Top of Records shown

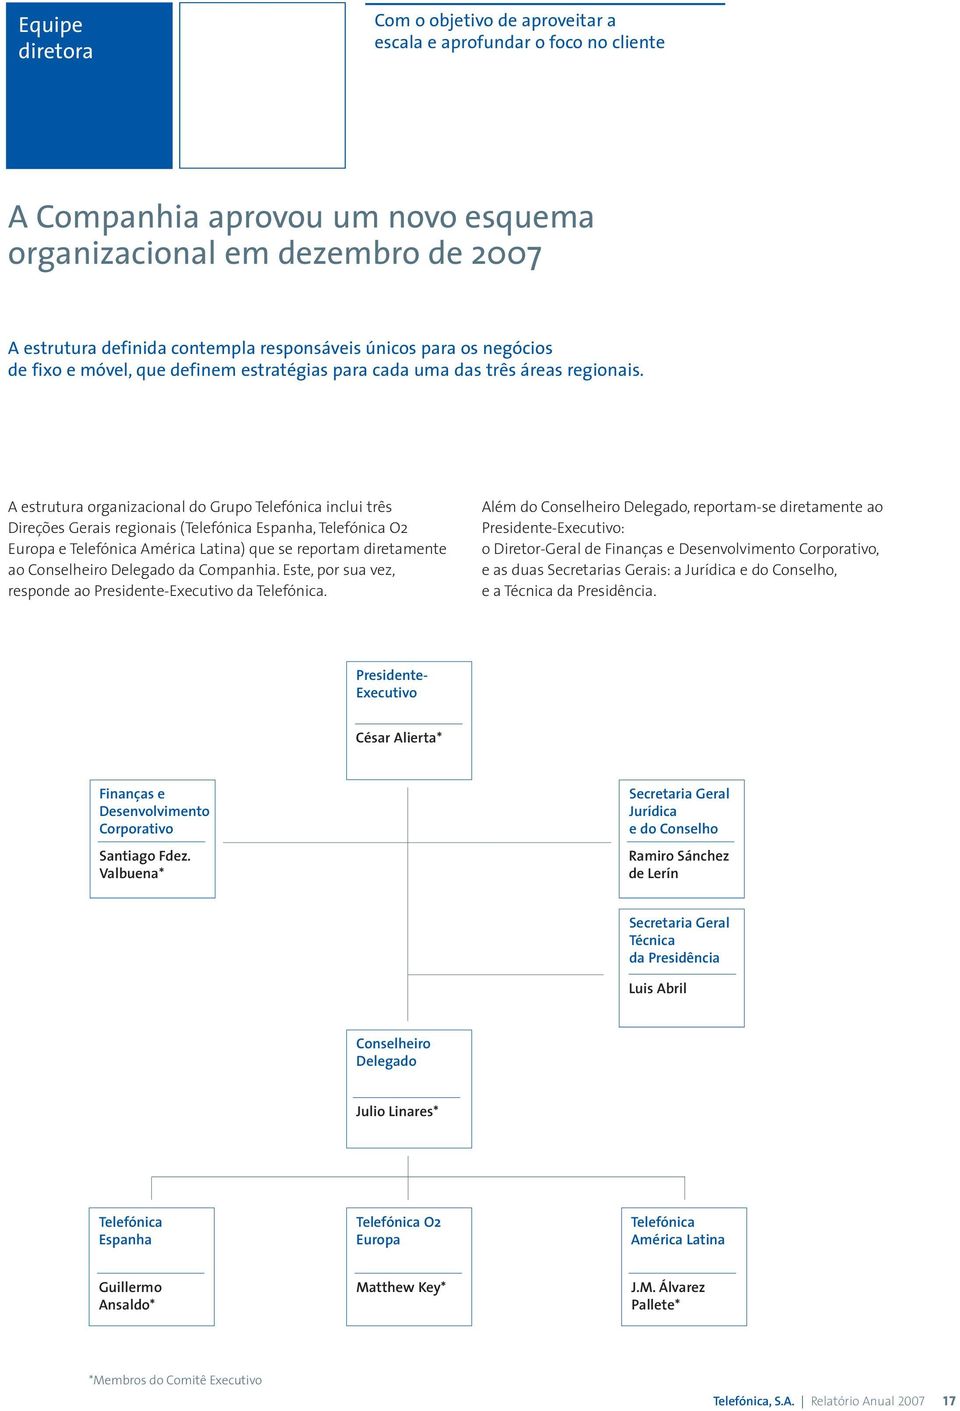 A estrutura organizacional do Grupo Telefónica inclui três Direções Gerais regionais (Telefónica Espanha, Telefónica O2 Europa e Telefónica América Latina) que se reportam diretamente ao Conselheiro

Bottom of Records shown
Top of Records shown

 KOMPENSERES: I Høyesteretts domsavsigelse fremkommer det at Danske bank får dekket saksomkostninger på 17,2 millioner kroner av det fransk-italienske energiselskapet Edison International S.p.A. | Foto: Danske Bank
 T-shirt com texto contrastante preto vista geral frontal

Bottom of Records shown

_Work order_
Output only an exact transcription of the lines above from the one with "KOMPENSERES: I Høyesteretts" up to and including the one with "T-shirt com texto".

_Task output_
 KOMPENSERES: I Høyesteretts domsavsigelse fremkommer det at Danske bank får dekket saksomkostninger på 17,2 millioner kroner av det fransk-italienske energiselskapet Edison International S.p.A. | Foto: Danske Bank
 T-shirt com texto contrastante preto vista geral frontal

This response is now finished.